With the arrival of Alberto—the first named storm of the 2006 hurricane season—comes the realization (aha!) that summer travelers will have to face up to unexpected weather glitches. The Wall Street Journal leads us to a few travel companies that are "promising to compensate travelers for plans inconvenienced by bad weather."

Spirit Airlines—the leading low-fare carrier to the Caribbean—is offering a Hurricane Buster Protection Policy. Customers who hold tickets to/from an airport located in a hurricane watch zone will be allowed to change reservations without paying the usual $50 fee.

Discovery Cruise Line—a company that offers one-day cruises from Florida to the Bahamas—assures customers that they will not lose their deposits in the event of cancellations due to a hurricane. Customers can cancel or rebook trips free of charge if a hurricane watch or warning is posted for their departure or arrival location. Also, if such a watch occurs while the traveler is already at their destination, they are allowed to return from the island at an earlier date than their booking.

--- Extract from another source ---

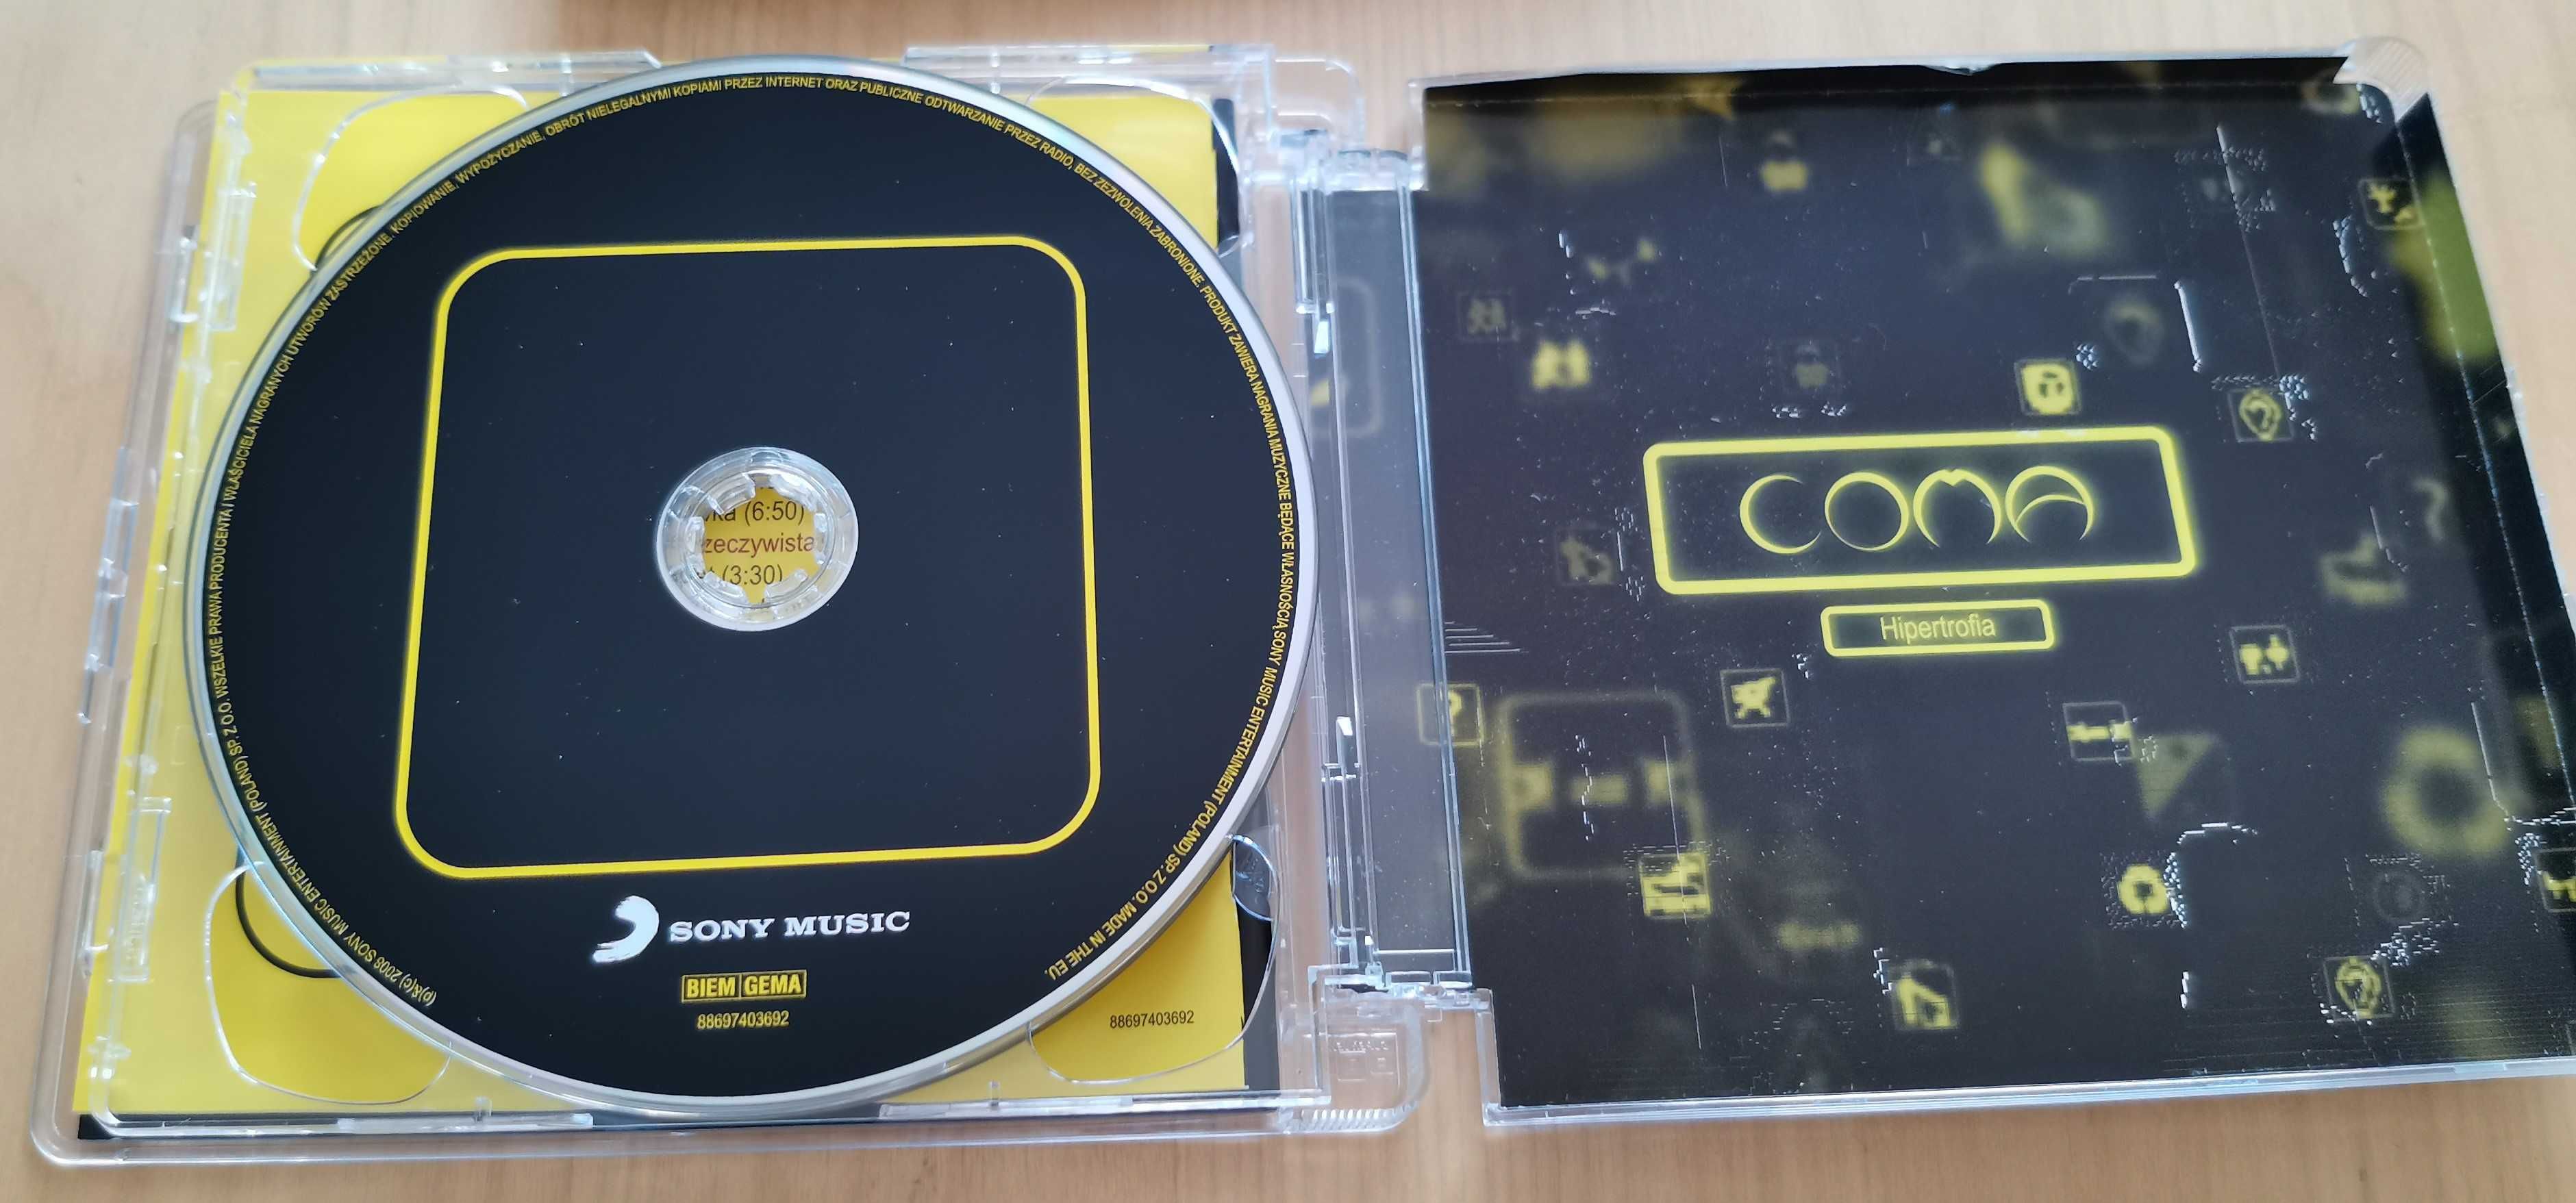 Coma - Hipertrofia 2CD # płyta CD # wyd. 2008

Partnering with the Bermuda Hotel Association, 16 of the island's resorts are offering the Hurricane Guarantee program. If a hurricane is predicted to approach within 200 miles (322 kilometers) of Bermuda within five days, travelers may cancel their hotel reservations without penalty. "In the event that the island is directly affected by a hurricane (as determined by the Bermuda Weather Service) during the guest's stay in Bermuda," states their website, "the participating hotel will not charge for rooms, food and beverage or other essential services for any period of time that the participating hotel's normal services are not available."

IT's simple solution:
Insure your trip the way Emily does, by vacationing in land-locked, drought-prone, mountainous Utah.

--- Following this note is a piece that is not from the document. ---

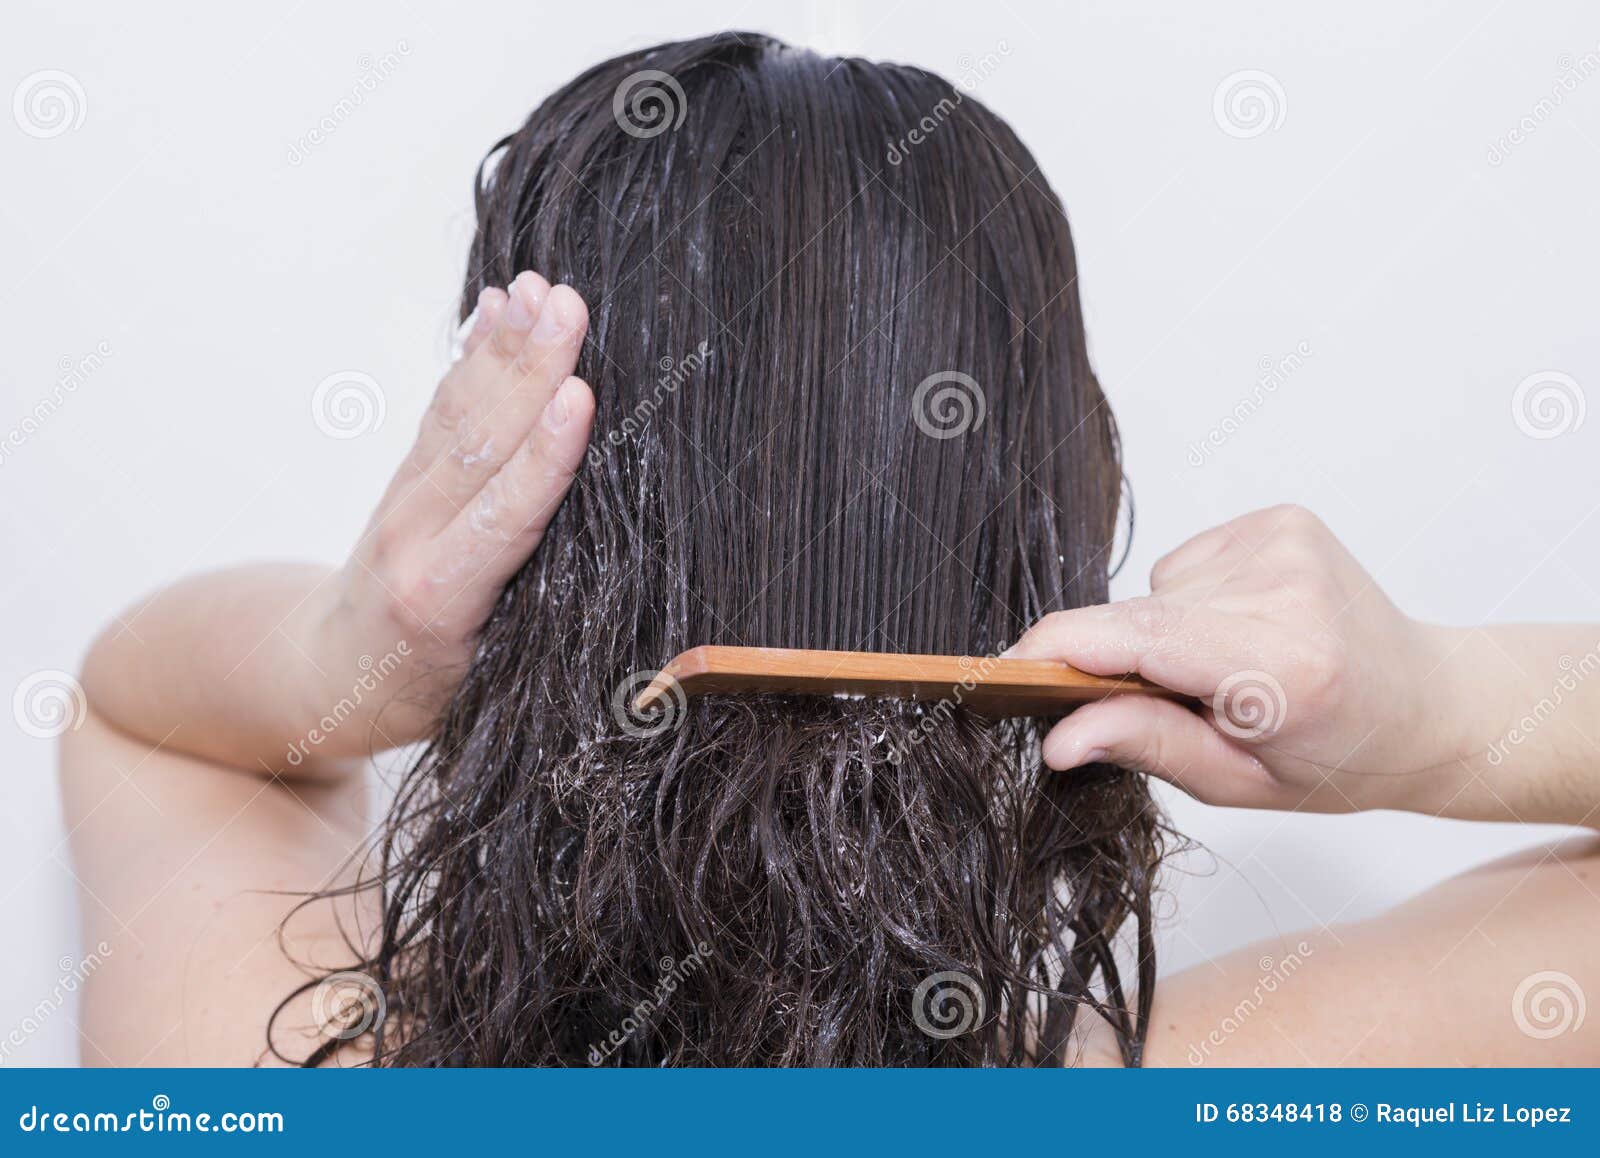 Почему нельзя расчесывать волосы. Расчесывать волосы. Расчесывание мокрых волос. Расчесывает запутанные волосы. Волосы не расчесываются.

IT travels with Ingrid Ahlgren

Researcher Ingrid Ahlgren headed west to Seattle for a week, and shared her favorite experiences:

"We went beneath Seattle's streets on the Underground Tour mentioned in our March 2006 WorldWise quiz. After an 1889 fire destroyed much of the city, officials ordered streets to be raised above the original grade to avoid the flooding that had plagued the early city. Some stubborn businesses remained underground until the early 20th century, however. The tour begins in a restored saloon before it heads into the areas belowground. Our guide told colorful tales of Seattle's early sewage system (toilets didn't always flush the right way), and the city's 'seamstresses,' who were actually prostitutes. The sidewalks were uneven in parts, and this isn't the tour for you if you hate stairs.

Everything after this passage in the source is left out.